Figure 7a shows the wind farm subjected to MCS probabilistic assessment, displaying the average power output for every single turbine. MWT 7 possesses an average power end product of 1.030 MW and an annual full load hours (FLH) totaling 3601.71 h. This research investigates the handling of uncertainty related to RE through quasi-dynamic simulation, which is capable of projecting power probabilities over prolonged durations. It also exemplifies the grid’s dependability and stability, supporting efficient planning for the integration of renewable energy into the network.
This research is of paramount importance, as the global focus progressively shifts toward RE and the reduction in coal consumption due to its adverse impacts. The second section conducts a probabilistic evaluation employing the QMCS methodology, assessing the tariff across one year. This approach assesses probabilistic data inputs and produces stochastic results, from which statistical quantities like standard deviations and mean values can be obtained.
Figure 7b represents the wind farm subjected to a probabilistic study, displaying the average power output for each wind turbine. MWT 7 possesses an average power output of 1.03 MW and a yearly full load hours (FLH) of 3601.71 h.

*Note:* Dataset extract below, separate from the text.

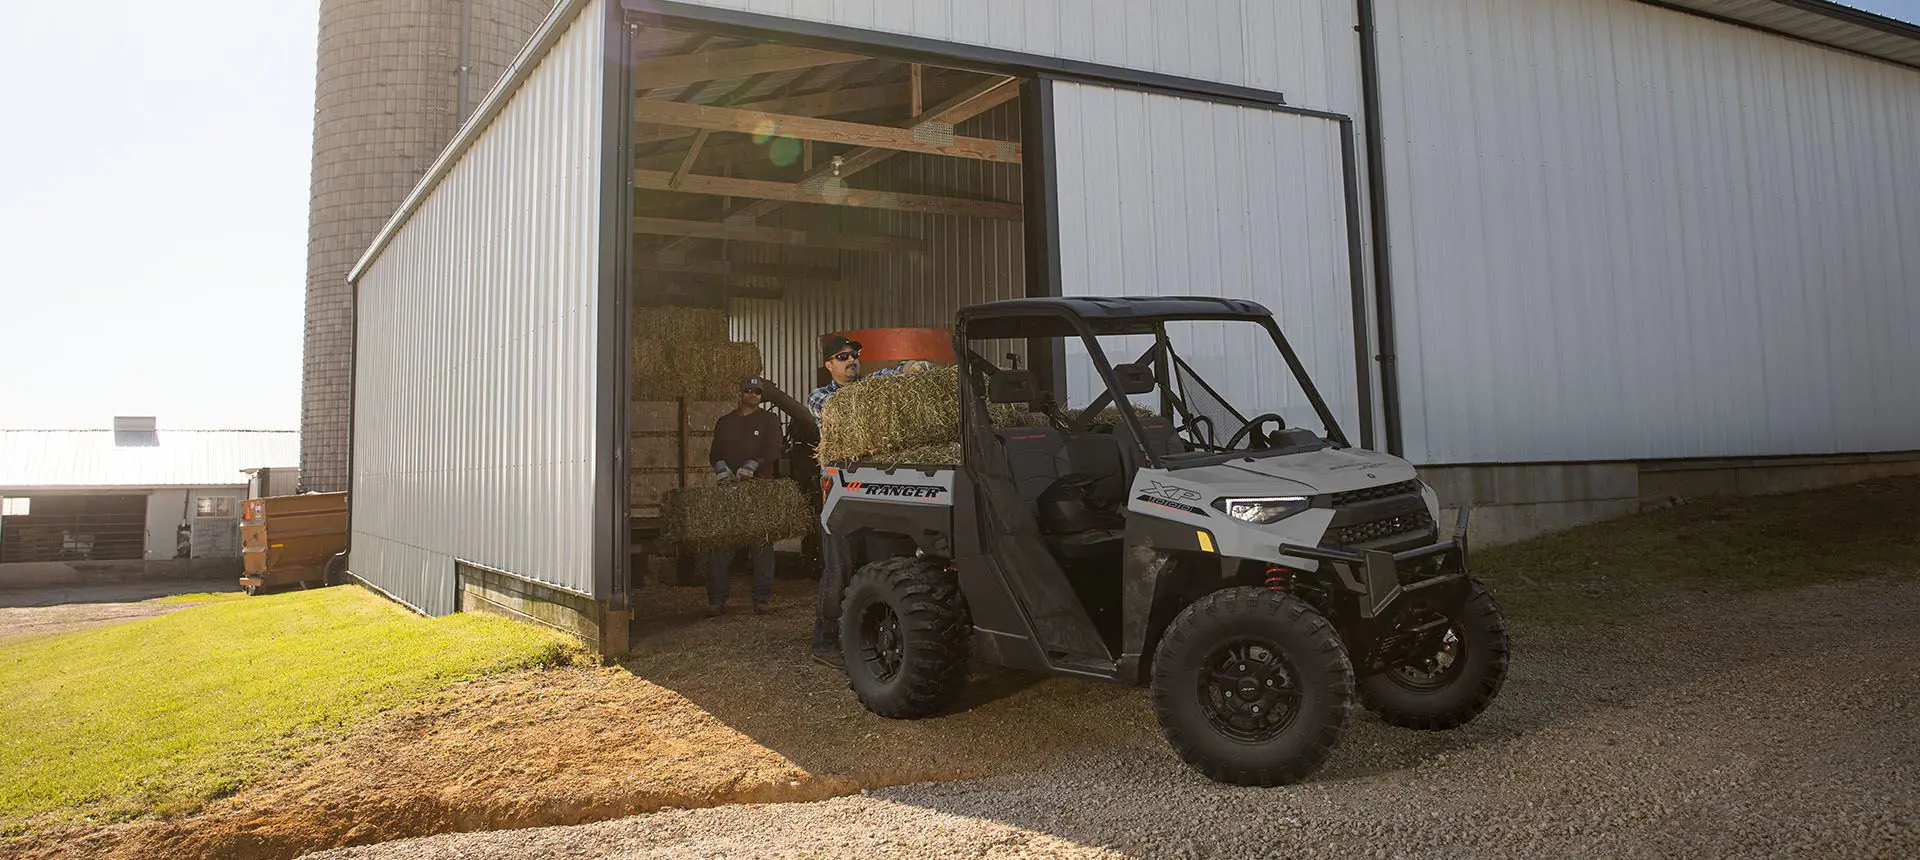 2 men loading square bales into cargo box on their Ranger XP 1000 Trail Boss

Table 3 describes the techniques used for analyzing the wind farm, known as probabilistic assessment, in determining the losses, profitability, and energy production. A technology known as the Boundary Tool was originally employed to separate the power park from the broader network, facilitating an assessment of the potential power transmission from the wind farm to the whole system. The tables show that the average power across the year is nearly comparable. Furthermore, the probabilistic evaluation demonstrates that the average power production of each turbine maintains network reliability and electrical capability.